** Opening Information supplied block **

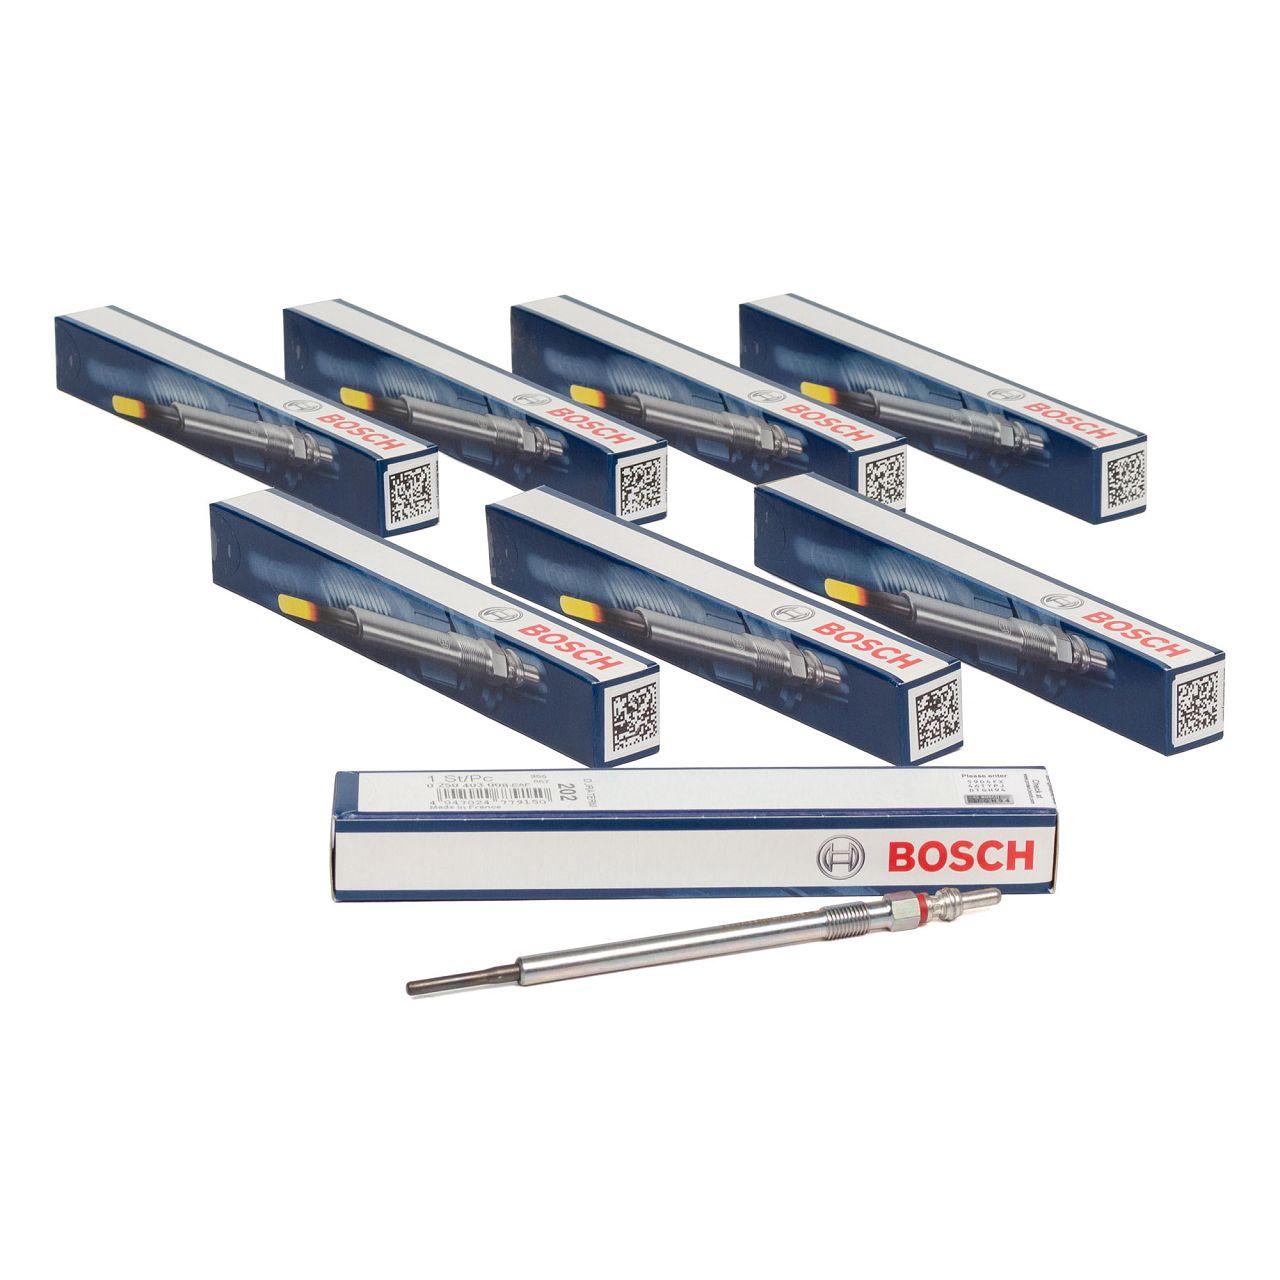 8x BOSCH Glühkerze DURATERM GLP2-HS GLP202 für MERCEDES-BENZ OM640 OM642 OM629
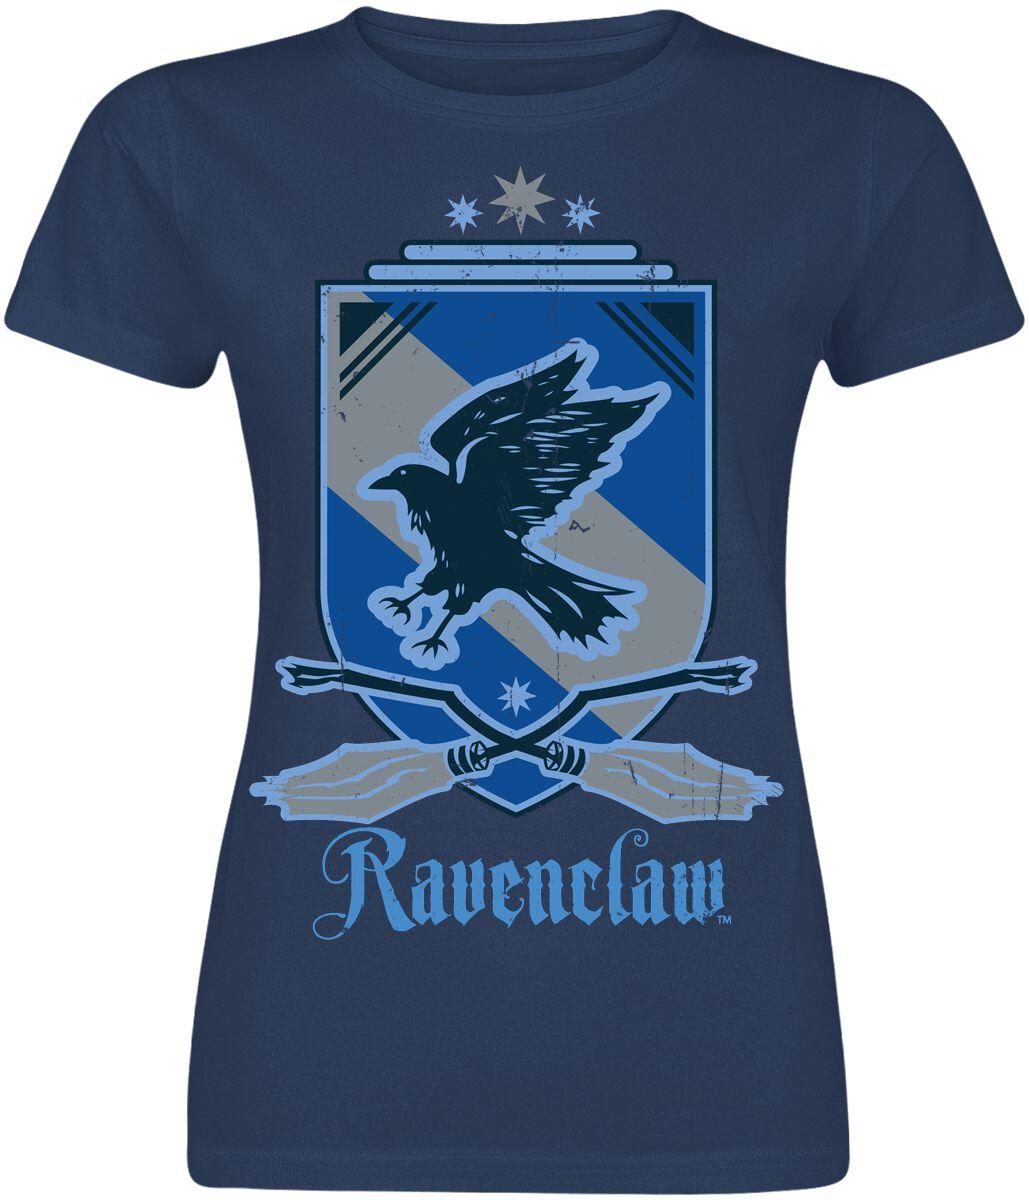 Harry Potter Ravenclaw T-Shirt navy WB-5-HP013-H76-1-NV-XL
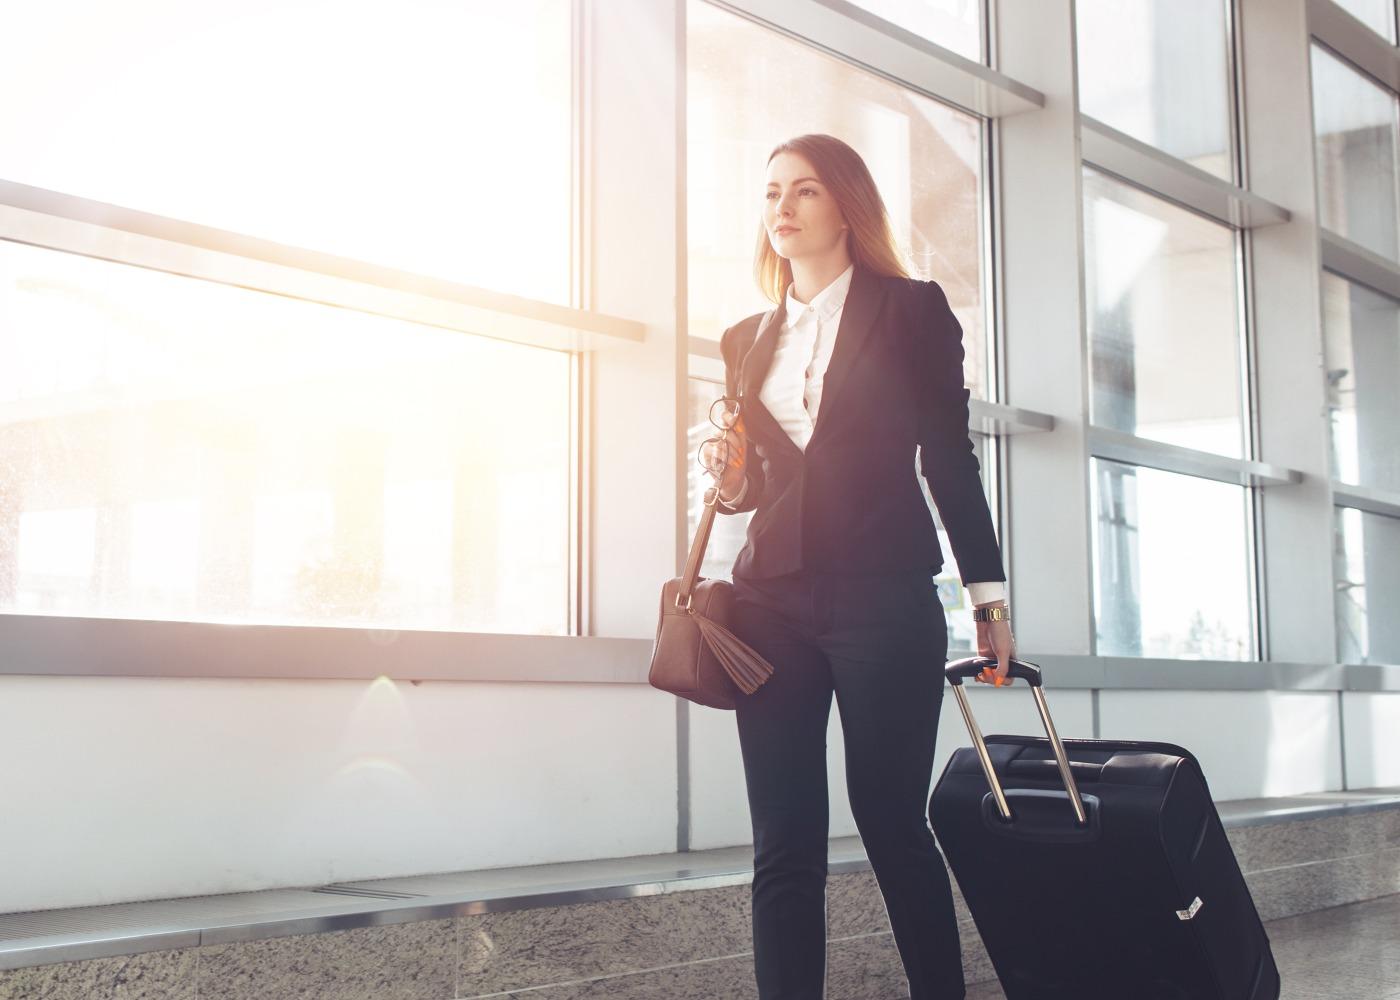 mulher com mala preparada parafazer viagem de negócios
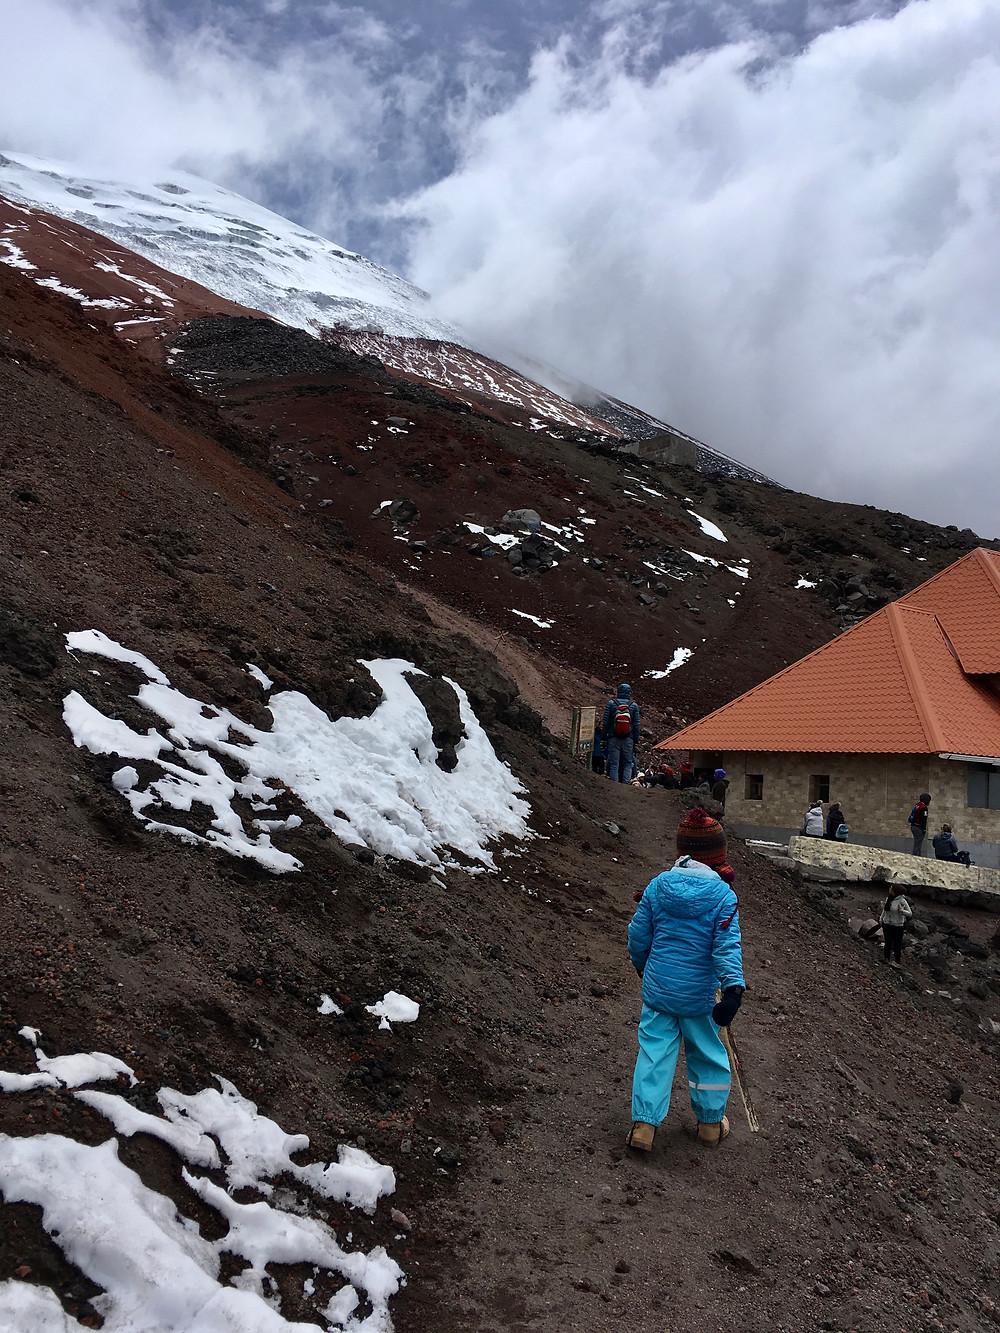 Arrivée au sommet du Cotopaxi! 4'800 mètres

** Closing Information supplied block **

* _Problem details_
All of the lines above must be repeated without alteration, though the pictures are to be excluded.

* _Solution for this task_
 8x BOSCH Glühkerze DURATERM GLP2-HS GLP202 für MERCEDES-BENZ OM640 OM642 OM629
 Harry Potter Ravenclaw T-Shirt navy WB-5-HP013-H76-1-NV-XL
 mulher com mala preparada parafazer viagem de negócios
 Arrivée au sommet du Cotopaxi! 4'800 mètres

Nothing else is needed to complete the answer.